On Thursday, the U.S. dollar fell to its lowest level in 10 weeks, as the Federal Open Market Committee (FOMC) decided on Wednesday not to increase interest rates. Financial markets had expected a 20% chance of a hike in U.S. rates next March but that declined to as little as 15%. However, overall the Federal Reserve sends a largely upbeat message on the U.S. economy.
The U.S. dollar index settled yesterday at 99.70 in anticipation of the U.S. Non-Farm Payrolls as it could add 175k more jobs. The Greenback is awaiting Friday’s Non-Farm Payrolls report as a higher than expected reading should be taken as bullish for the USD and could push the Index to hit 100 pips.
Gold extended its gains and settled at $1,225 before returning to $1,215, thanks to a weak USD. Gold is awaiting Friday’s Non-Farm Payrolls report; we have to watch this release closely as a lower than expected reading should be taken as bullish for the precious metal, while a higher than expected reading could push the metal to re-test the psychological level $1,200.
USD recovered vs. JPY and touched ¥113 as the U.S. unemployment benefit rate fell last week to 246k, which confirms the Federal’s vision on the continuation of full employment.

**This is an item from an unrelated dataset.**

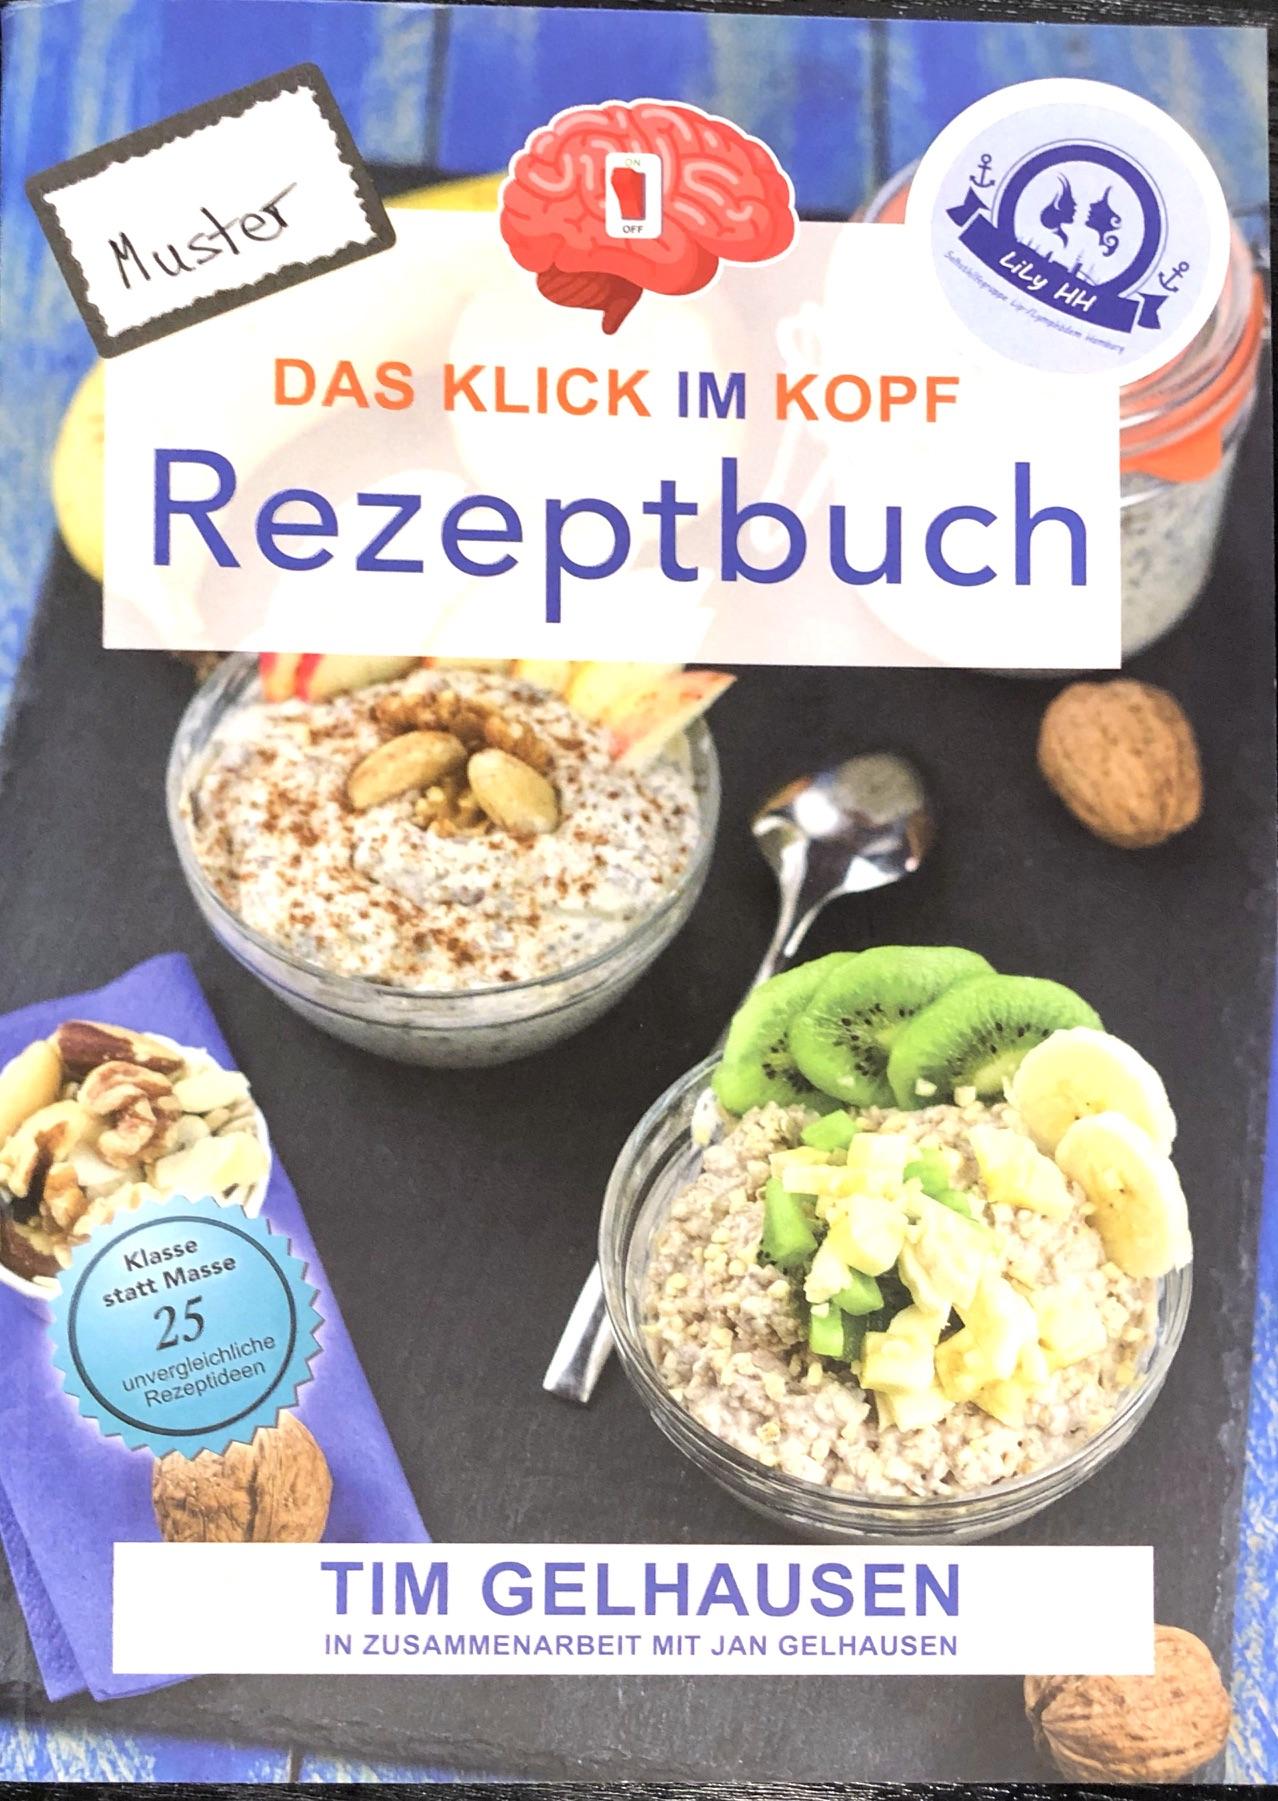 1-2019-Klick-im-Kopf-Rezeptbuch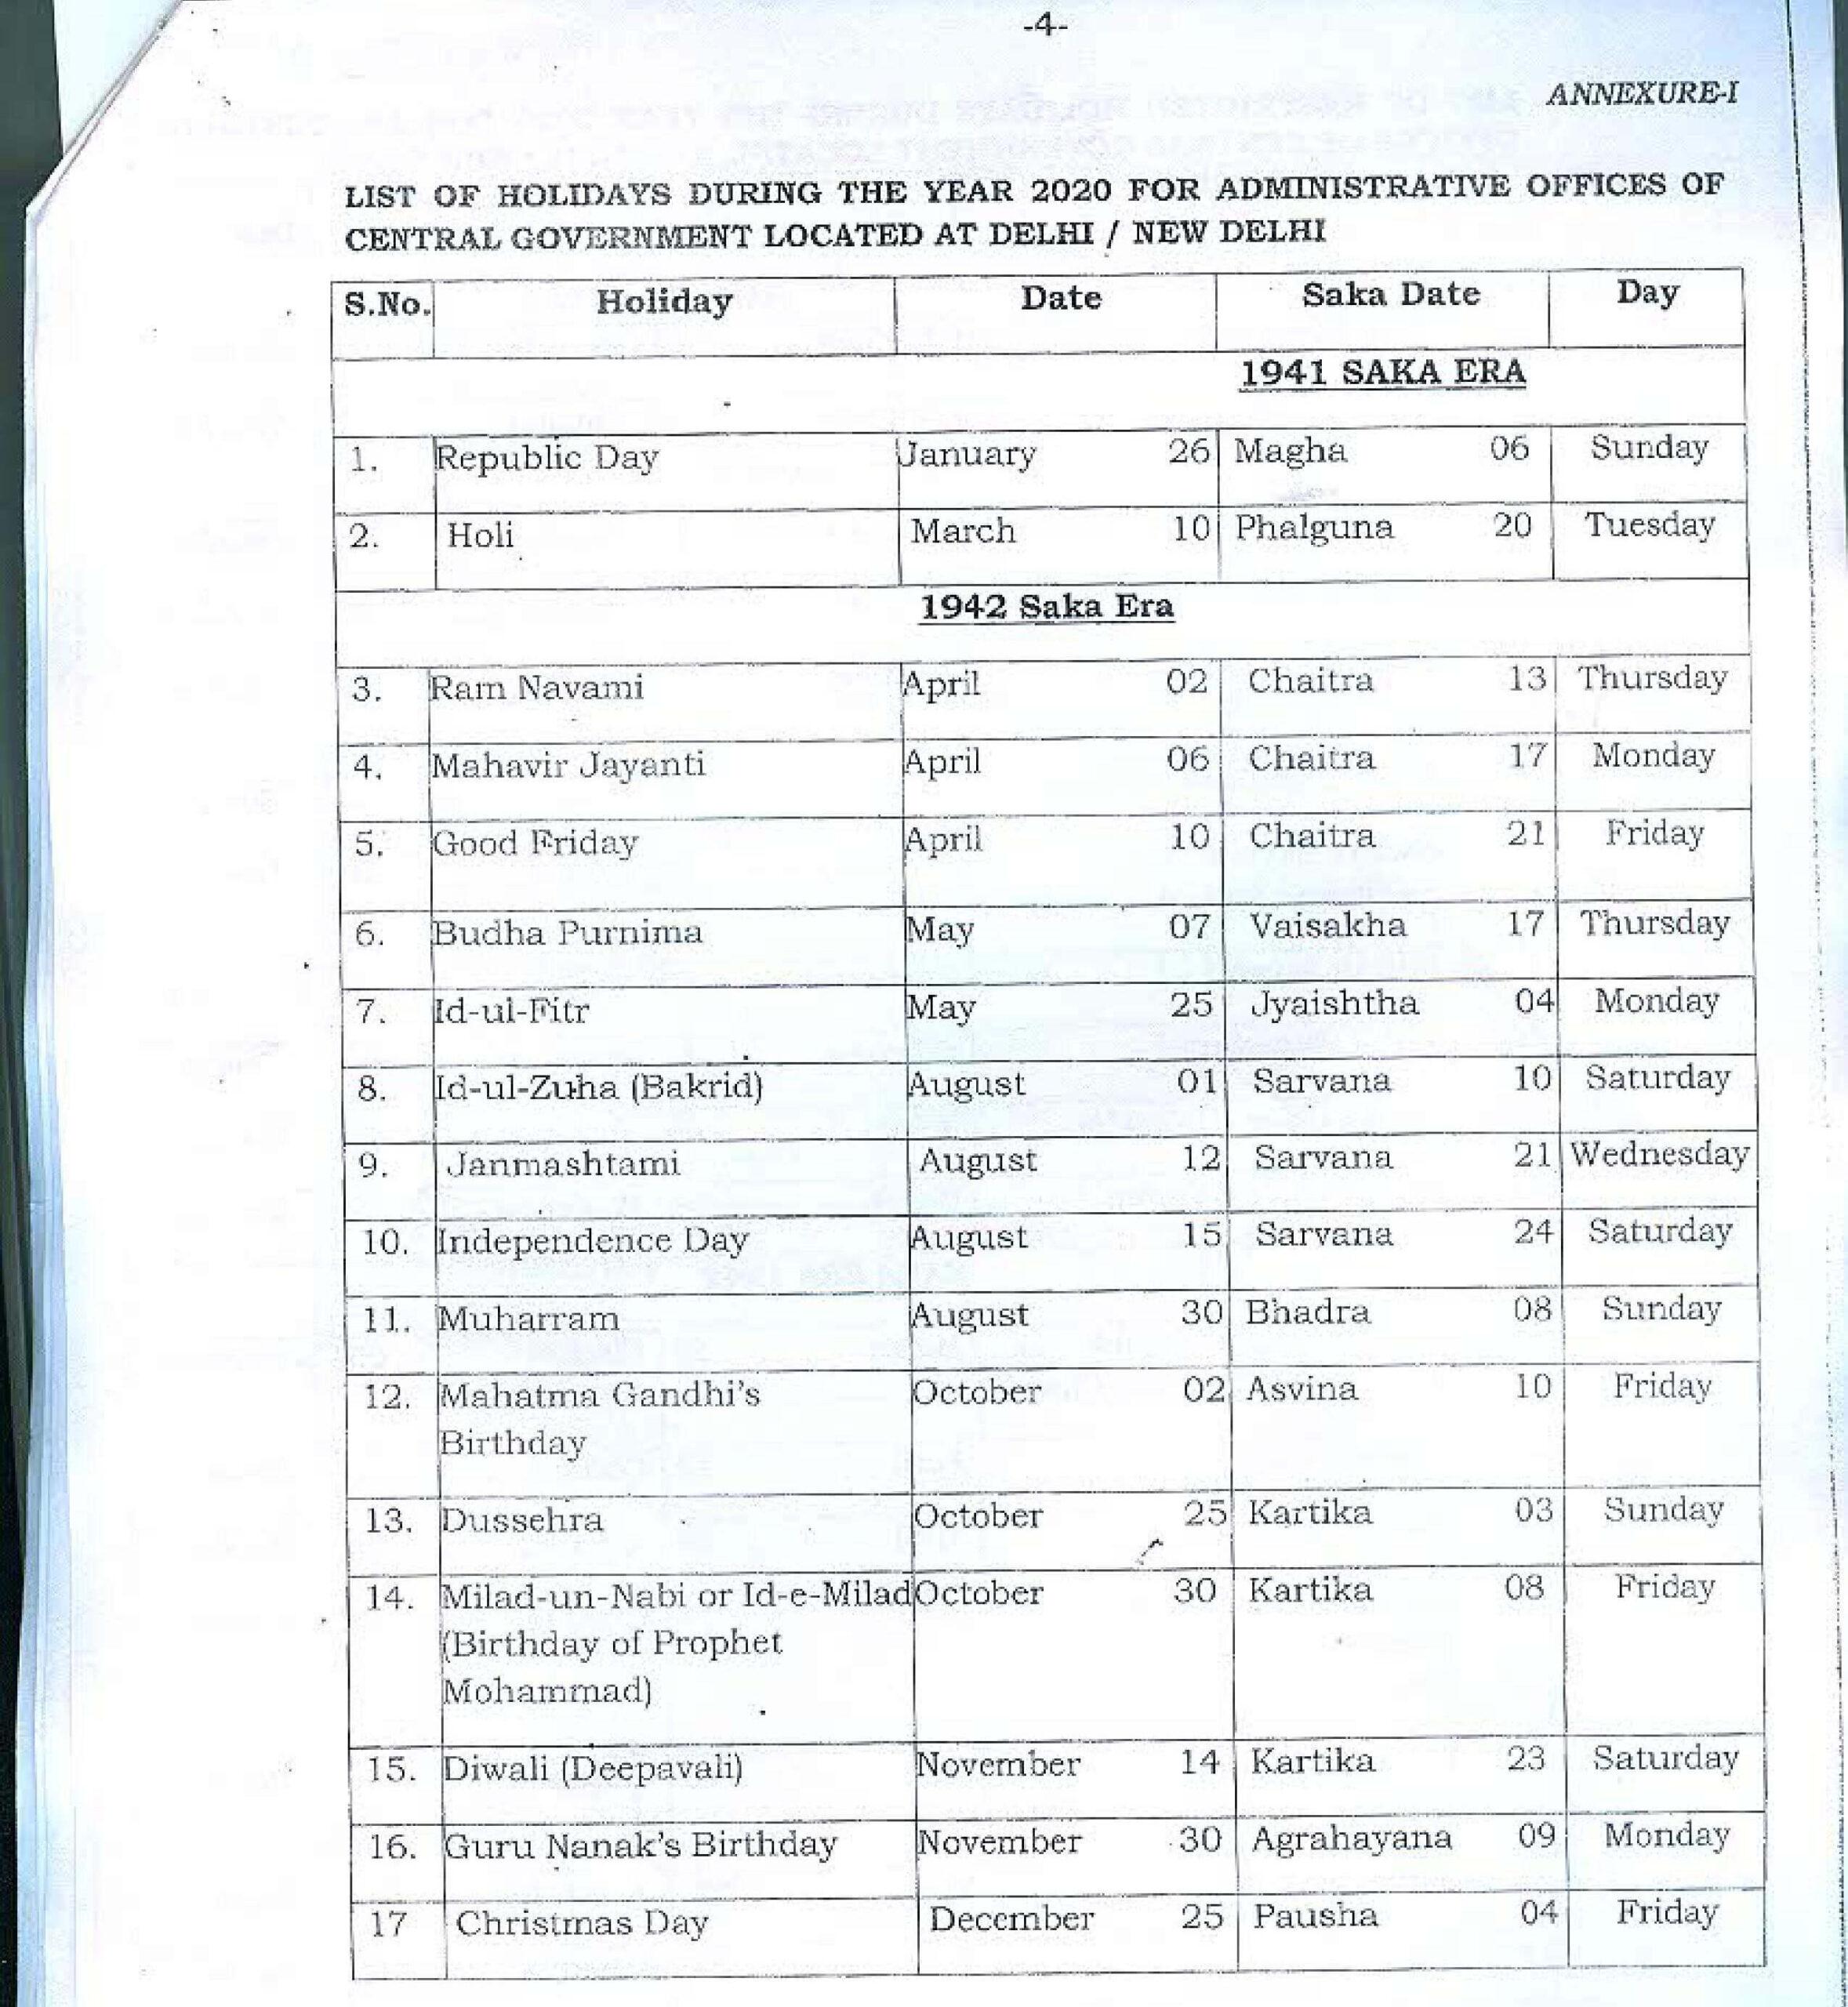 Bihar Govt.calendar 2020 | Calendar For Planning regarding Bihar Sarkar Holiday Calendar

Euro settled at $1.075 yesterday against its counterpart as the Eurozone producer price index rose in December. Technically, the pair could trade in a limited range in anticipation of the U.S. Nonfarm Payrolls, which will be released later on today.
Oil prices rose slightly yesterday due to Geopolitical tensions, as Trump said Washington is putting Tehran "on notice" in response to an Iranian missile test. U.S. crude settled above $53.60 and could settle at $53.50 by today.